Technical information
- Licensing authority: FCC
- Facility ID: 23443
- Class: C
- ERP: 99,000 watts; (100,000 with beam tilt);
- HAAT: 454 meters (1,490 ft)

Links
- Public license information: Public file; LMS;
- Webcast: Listen live
- Website: hits965orlando.com

= WOEX =

Bilingual adult contemporary radio station in Orlando, Florida

WOEX (96.5 FM, "Hits 96.5") is a commercial radio station in Orlando, Florida. Owned by Cox Media Group, it broadcasts a Spanish-language format featuring Latin pop and English-language adult contemporary music. WOEX's studios and offices are located in Orlando on North John Young Parkway (Route 423).

WOEX has an effective radiated power (ERP) of 99,000 watts (100,000 watts with beam tilt).
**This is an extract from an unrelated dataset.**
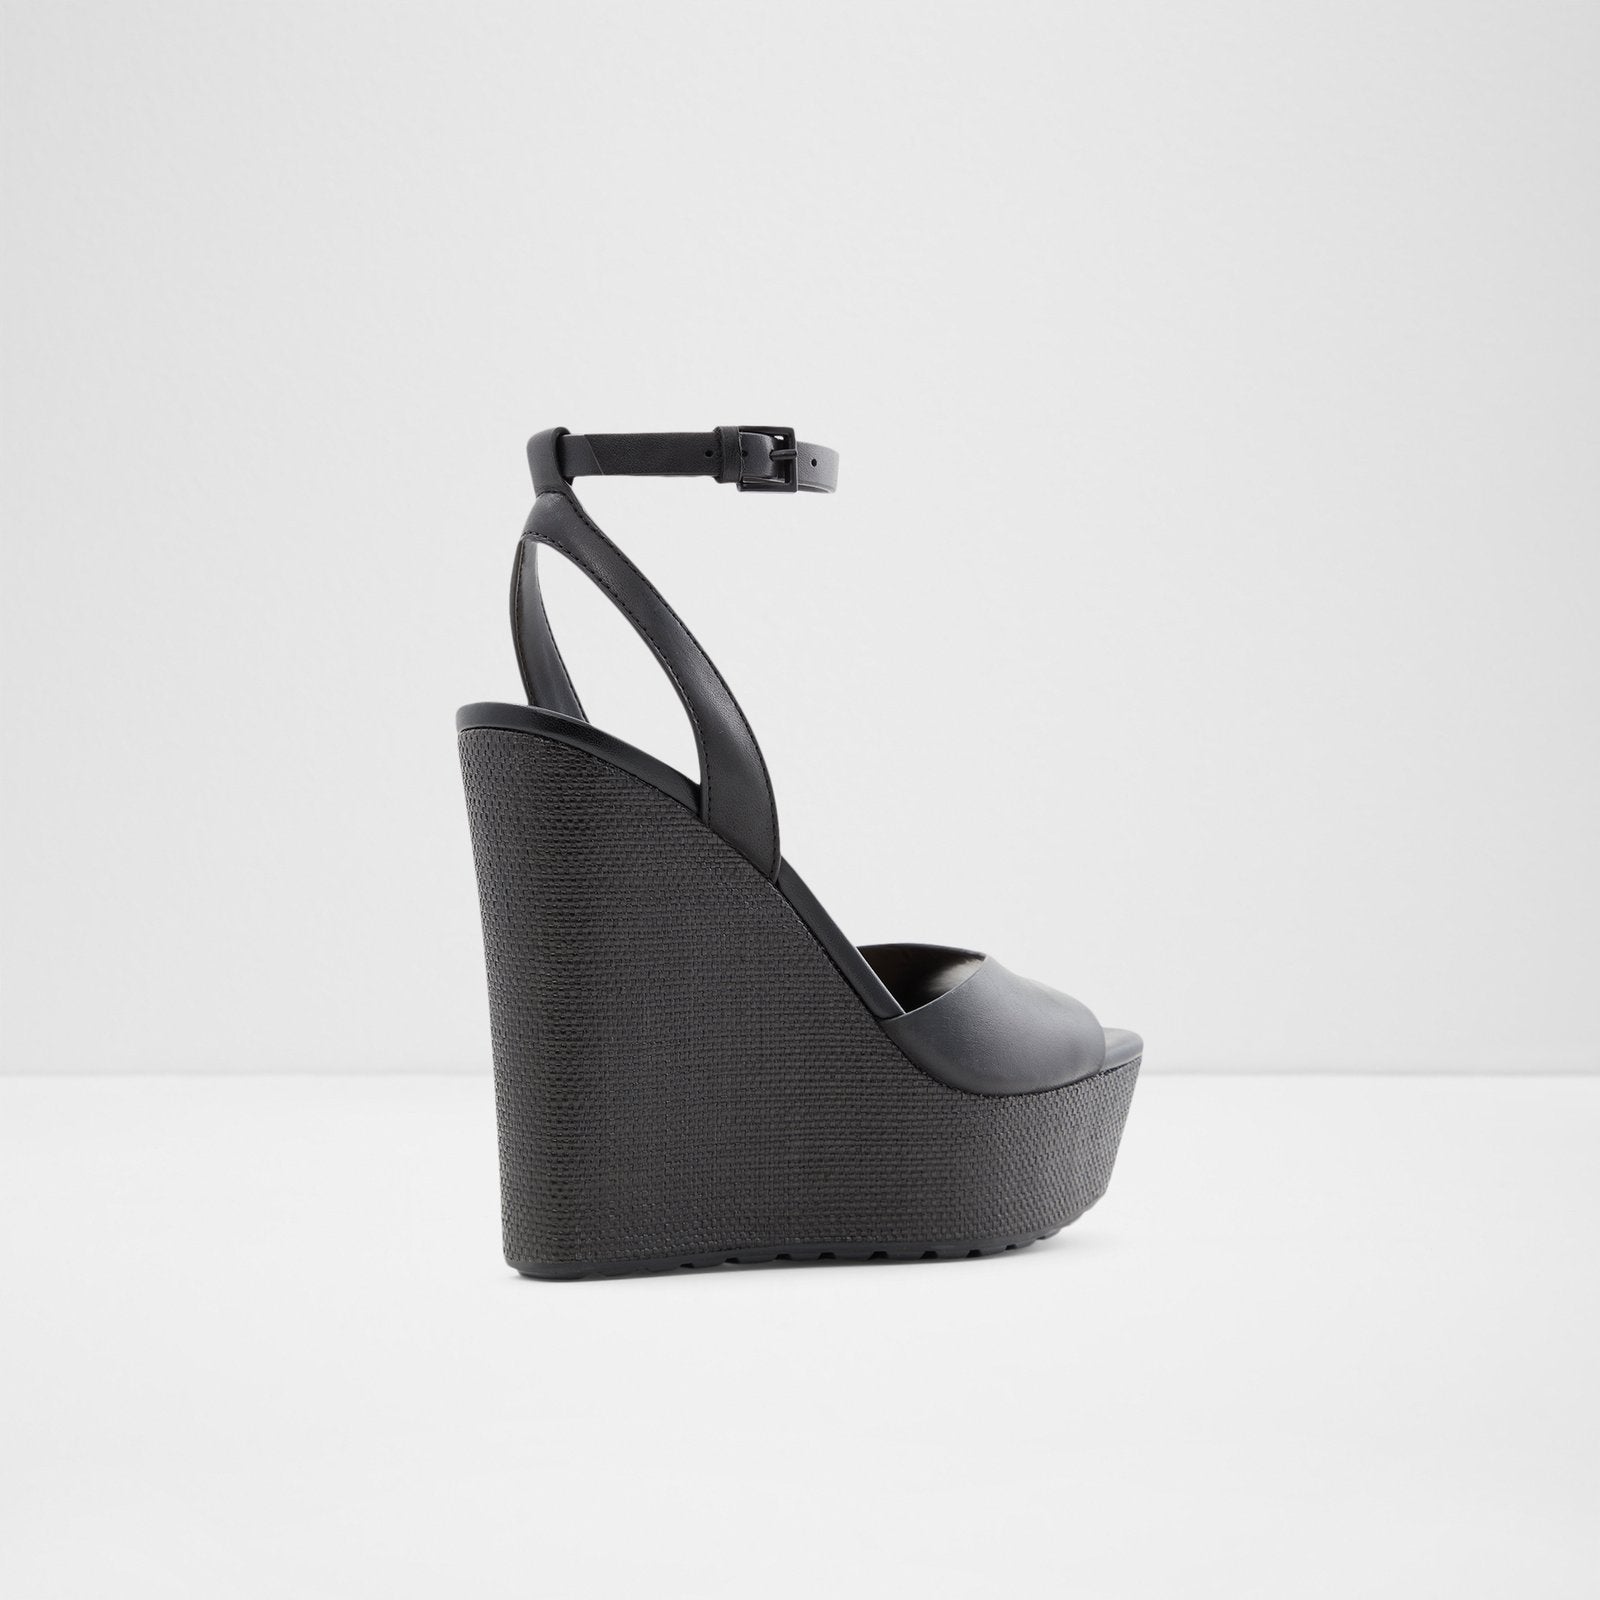 Verly Women Shoes - Black - ALDO KSA

The transmitter tower is in Bithlo, off Fort Christmas Road (Route 420). WOEX broadcasts in the HD Radio format; the HD2 subchannel carries the news/talk format found on co-owned WDBO.

==History==
===Early years===
The station first signed on in 1952 as WHOO-FM, the FM counterpart to WHOO (now WTLN). The stations were owned by WHOO, Inc., and had their studios in the Fort Gatlin Hotel. WHOO-AM-FM simulcast their programming and were network affiliates of ABC Radio.

===Beautiful music===
By the 1960s, WHOO-FM was airing a beautiful music format, no longer simulcast with its parent AM station. WHOO-FM also carried a commercial-free background music service for stores and restaurants, not available to regular FM listeners, but picked up by using special receivers, through a subsidiary communications authority (SCA) subscription service.
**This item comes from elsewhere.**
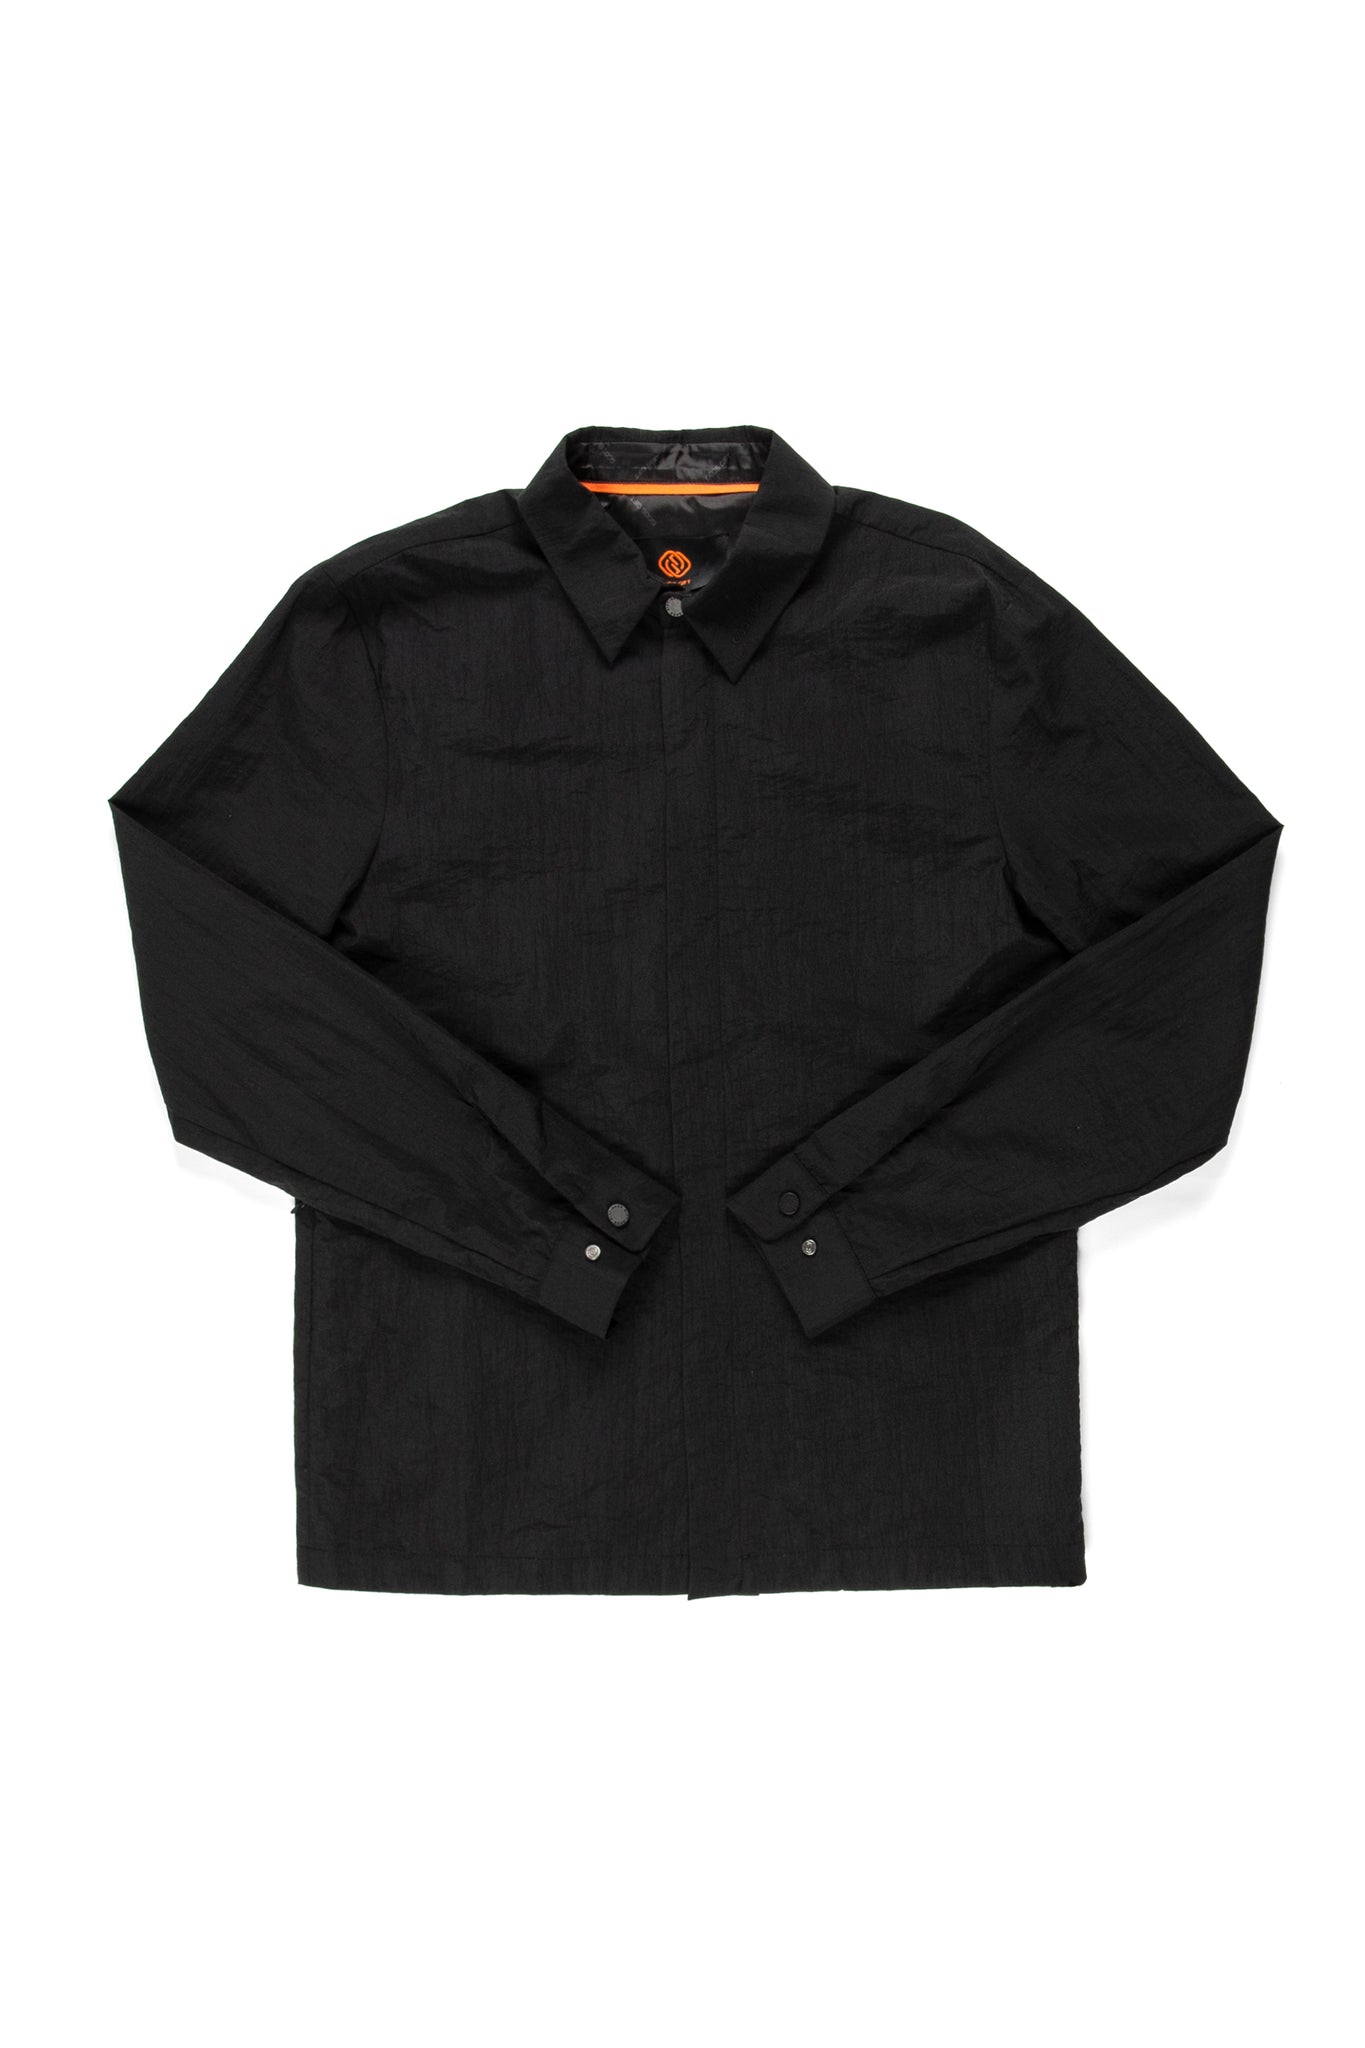 Parma Shirt in Black

WHOO-FM was originally powered at 59,000 watts, using a tower at 1,000 feet, with a signal that extensively covered Central Florida, from Tampa Bay to Daytona Beach. WHOO-FM was one of the first stations in Central Florida to be heard in FM stereo full-time.

===From country to rock===
In the 1980s, the subscription music service was sold. With WHOO airing a personality and information-oriented country music format, management decided to flip WHOO-FM to a music intensive country format as "96 Country" in 1984.

In 1987, WHOO-AM-FM were bought by TK Communications, Inc. The AM station remained country, but on March 1, at midnight, WHOO-FM began stunting with non-stop songs from The Beatles. (That same day, the first Beatles CDs were released.) When the all-Beatles stunt ended, the new owners switched the format to adult-oriented album rock. The station's call sign were changed to WHTQ, and it began calling itself "Q 96." In the next couple of years, WHTQ moved to a classic rock format.

===Cox ownership===
TK Communications was sold to Granum Communications in 1995 for $12 million. In turn, Granum was acquired by Infinity Broadcasting (which was later renamed CBS Radio, now part of Entercom). Infinity quickly spun off WHOO, WMMO and WHTQ to Cox Radio, in order for Infinity to acquire WCKG in Chicago.

The classic rock format lasted 23 years. On February 18, 2011, at 5 p.m., after playing "Pride (In The Name Of Love)" by U2 and after a commercial set, Cox Radio announced that WHTQ would begin adding new rock songs and recent titles, and modify its moniker to "96 Rock." It began the new format with "Alive" by Pearl Jam. In addition to WHTQ tweaking the classic rock format, WJRR switched back to active rock from alternative rock.

===Switch to news/talk===
Just 6 months after the launch of "96 Rock", on August 19, 2011, at 5 a.m., after playing "Sad but True" by Metallica, WHTQ flipped to a simulcast of co-owned news/talk-formatted WDBO. The change followed a decrease in WHTQ's ratings, and a decision to give WDBO's talk format a wider audience by putting it on the powerful 100,000 watt FM signal, which switched its call sign to WDBO-FM. The rock format at first continued on the station's HD Radio signal, 96.5-HD2, for a few months after the switch before being discontinued altogether.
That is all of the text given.